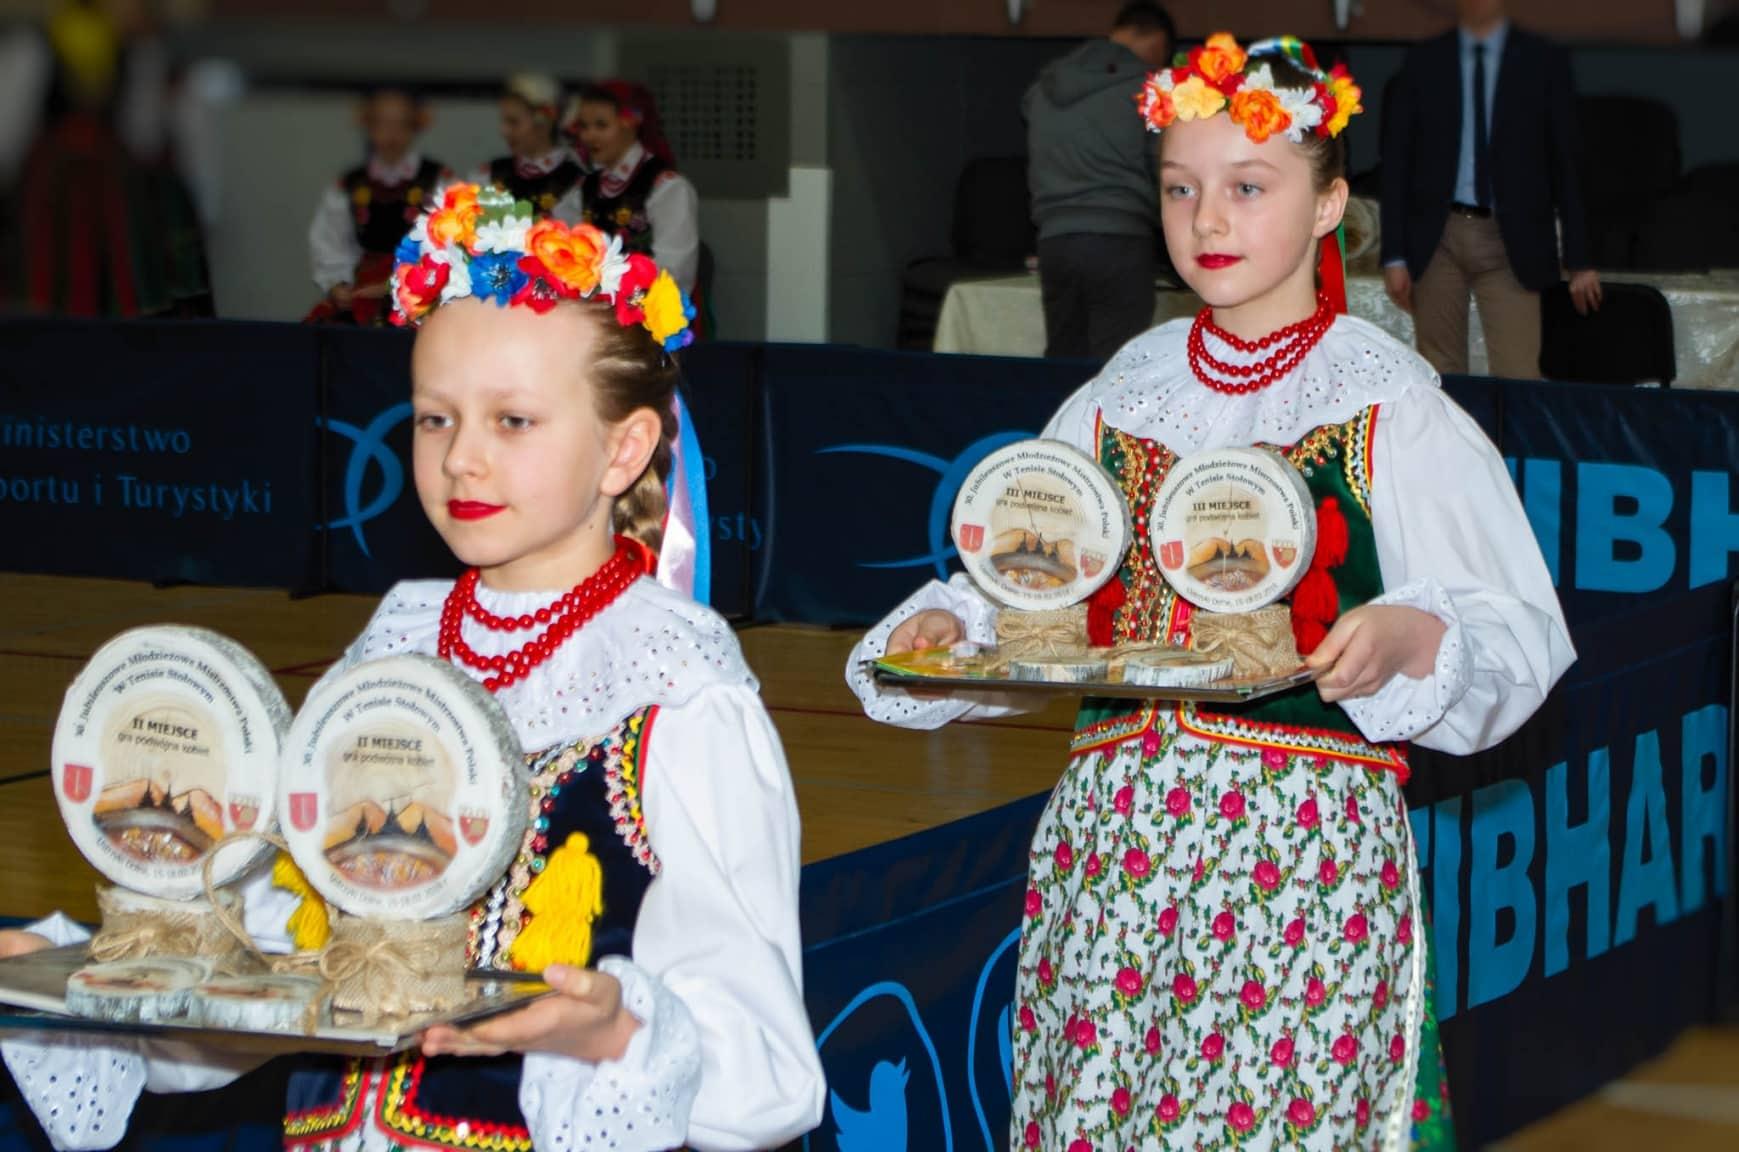 Finał 30. Młodzieżowych Mistrzostw Polski w tenisie stołowym - ceremonia wręczenia medali i zamknięcia Mistrzostw.
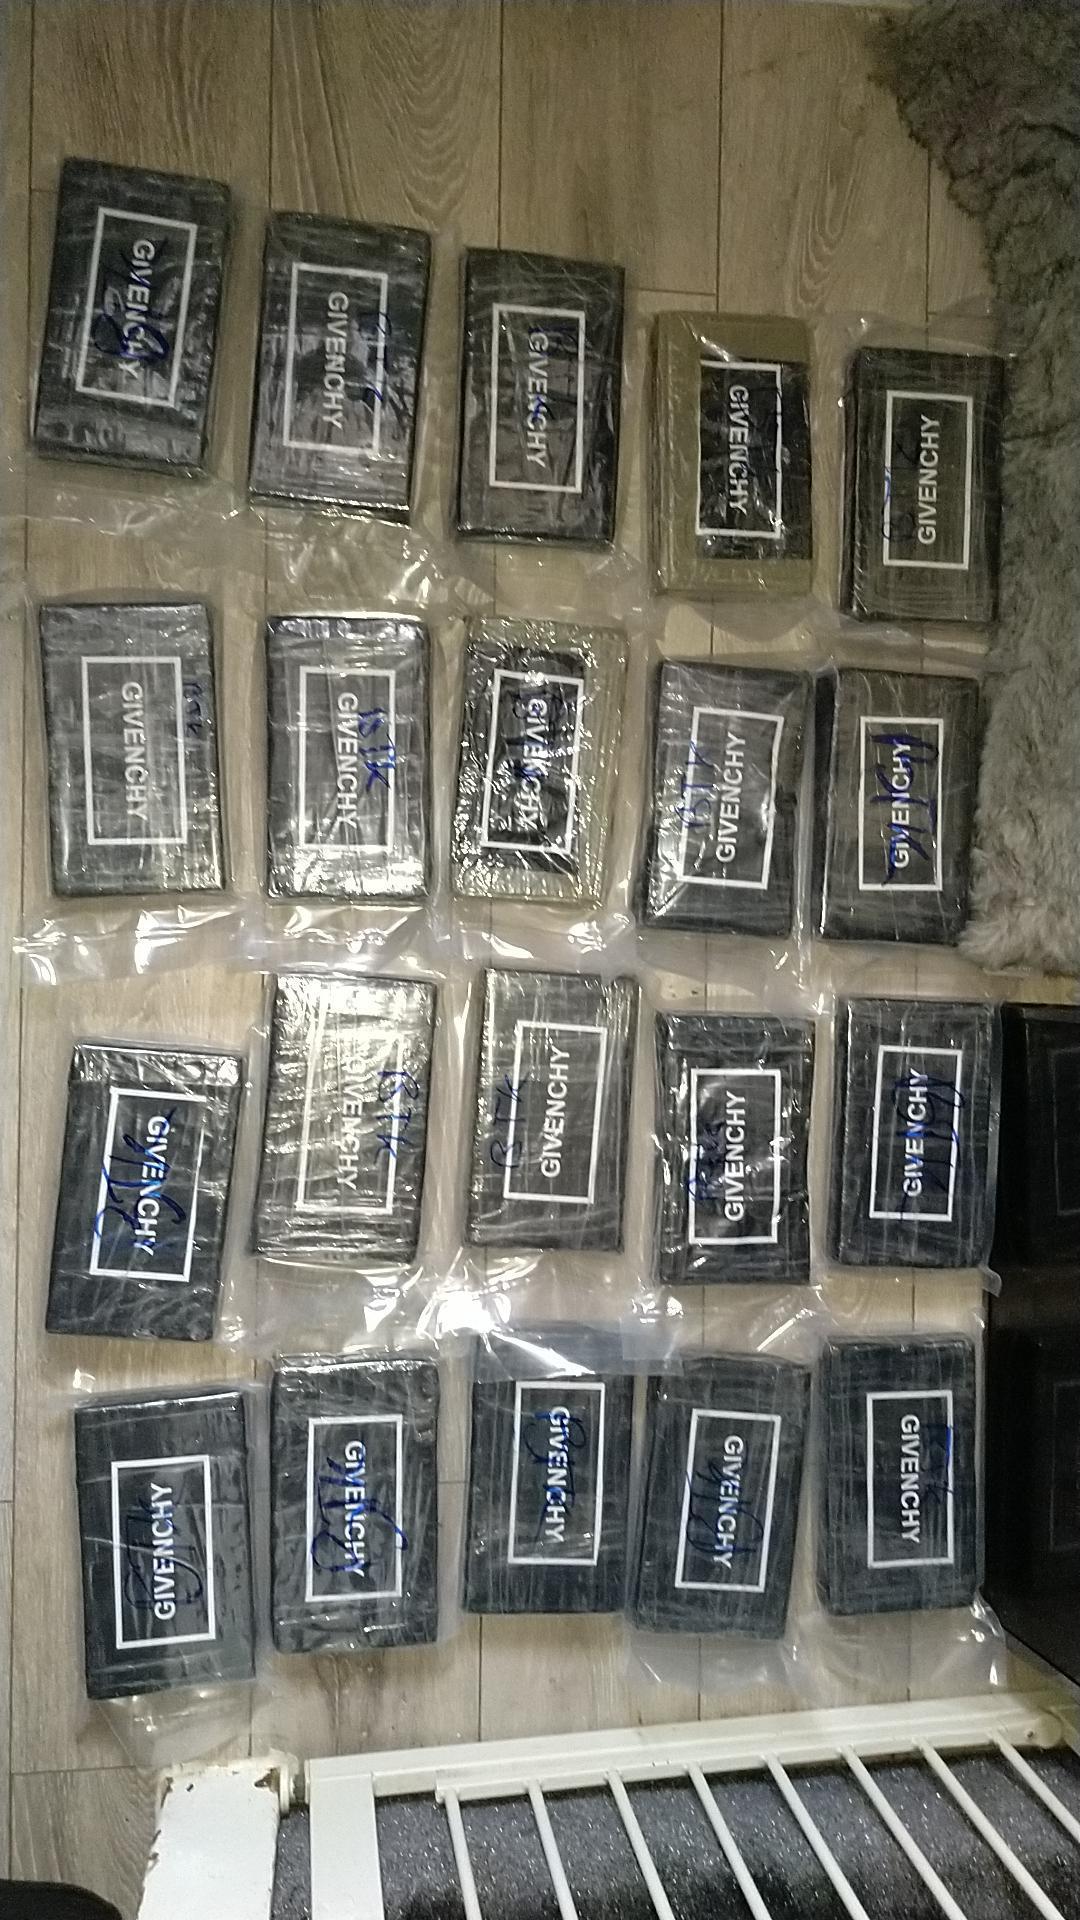 Drugs in packages on floor
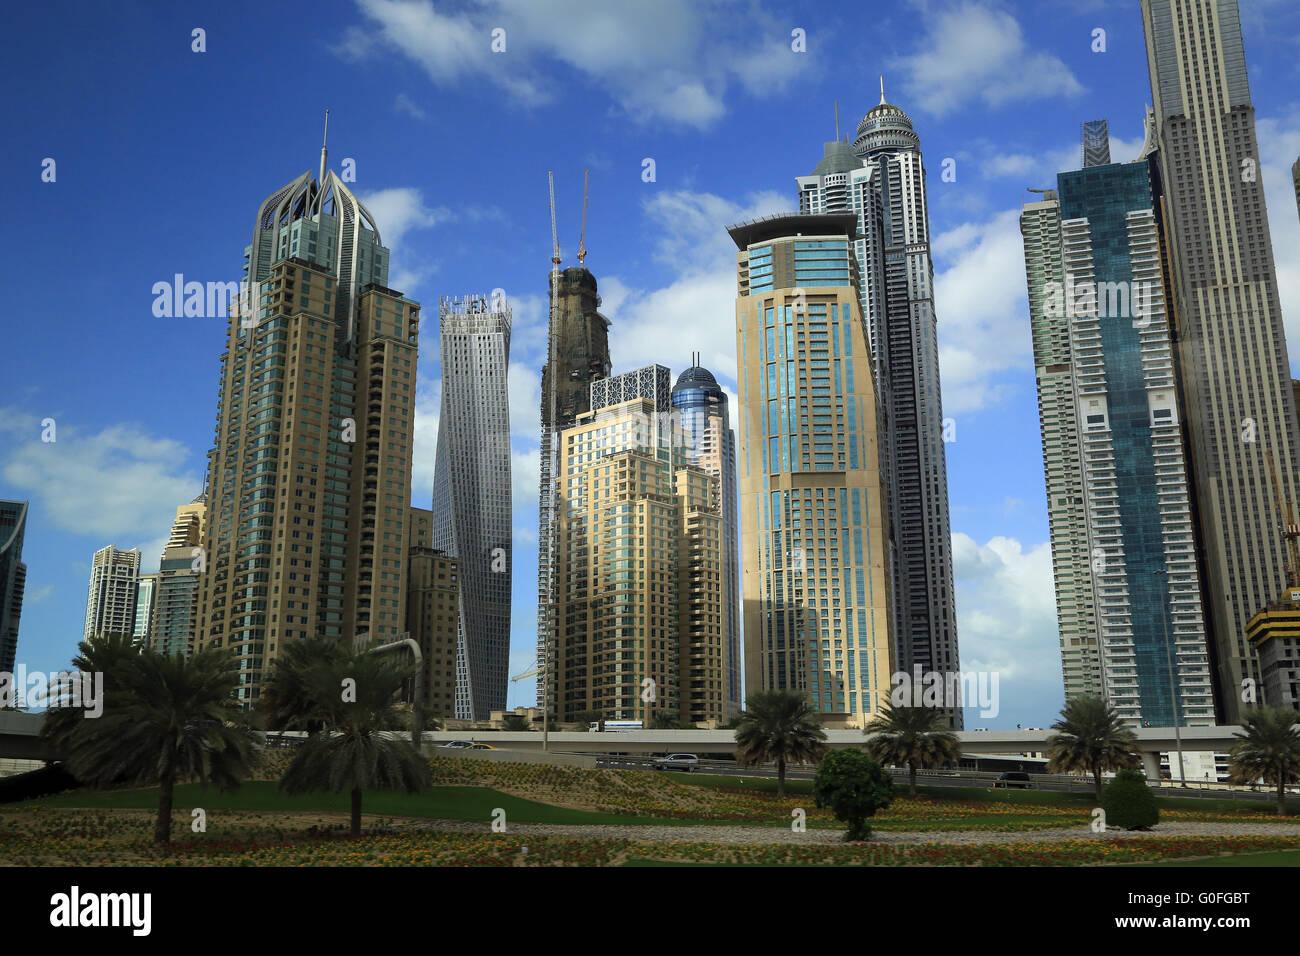 Dubai Marina with MeskTower and Cayan Tower - Stock Image
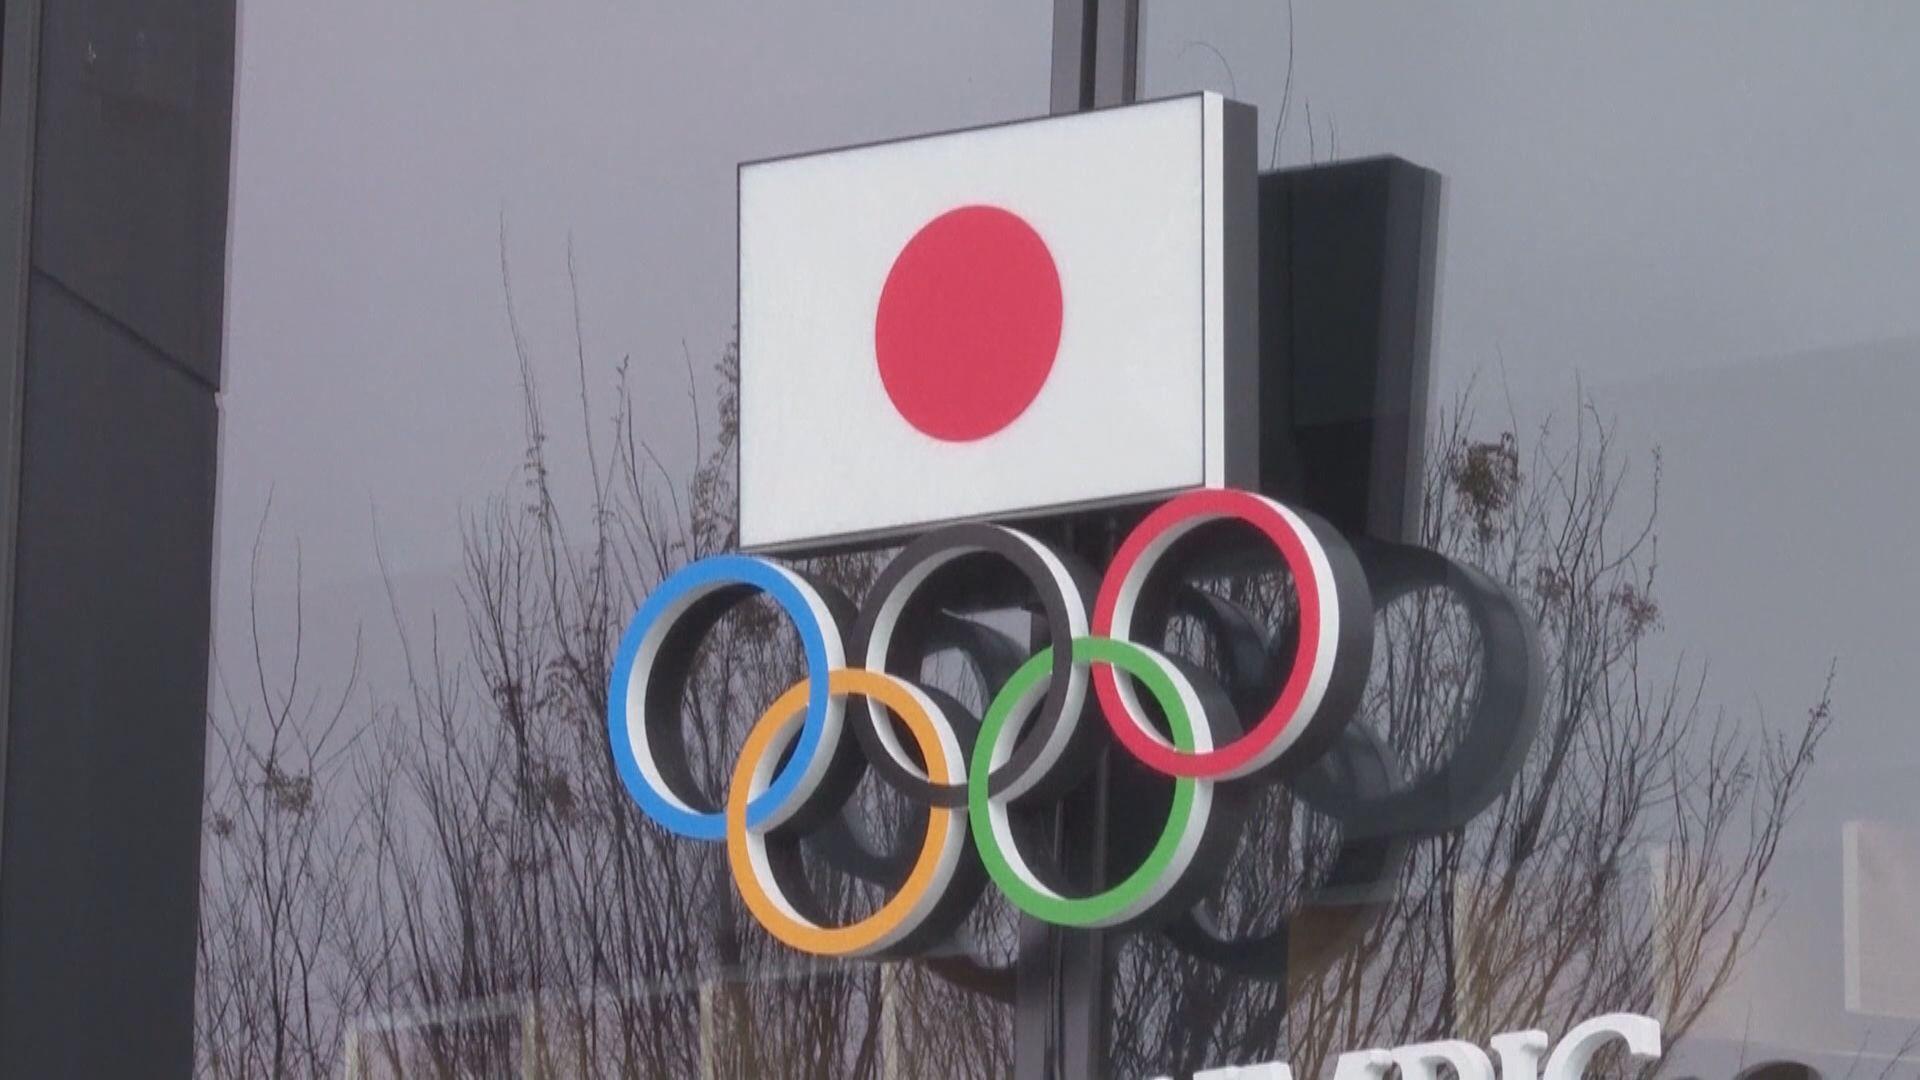 東京奧運簡化項目 料減約22億港元經費

---

# ASSIGNED TASK
Reproduce the data above word for word and omit the images.

# OUTPUT FOR THIS EXERCISE
 Finał 30. Młodzieżowych Mistrzostw Polski w tenisie stołowym - ceremonia wręczenia medali i zamknięcia Mistrzostw.
 Drugs in packages on floor
 Dubai Marina with MeskTower and Cayan Tower - Stock Image
 東京奧運簡化項目 料減約22億港元經費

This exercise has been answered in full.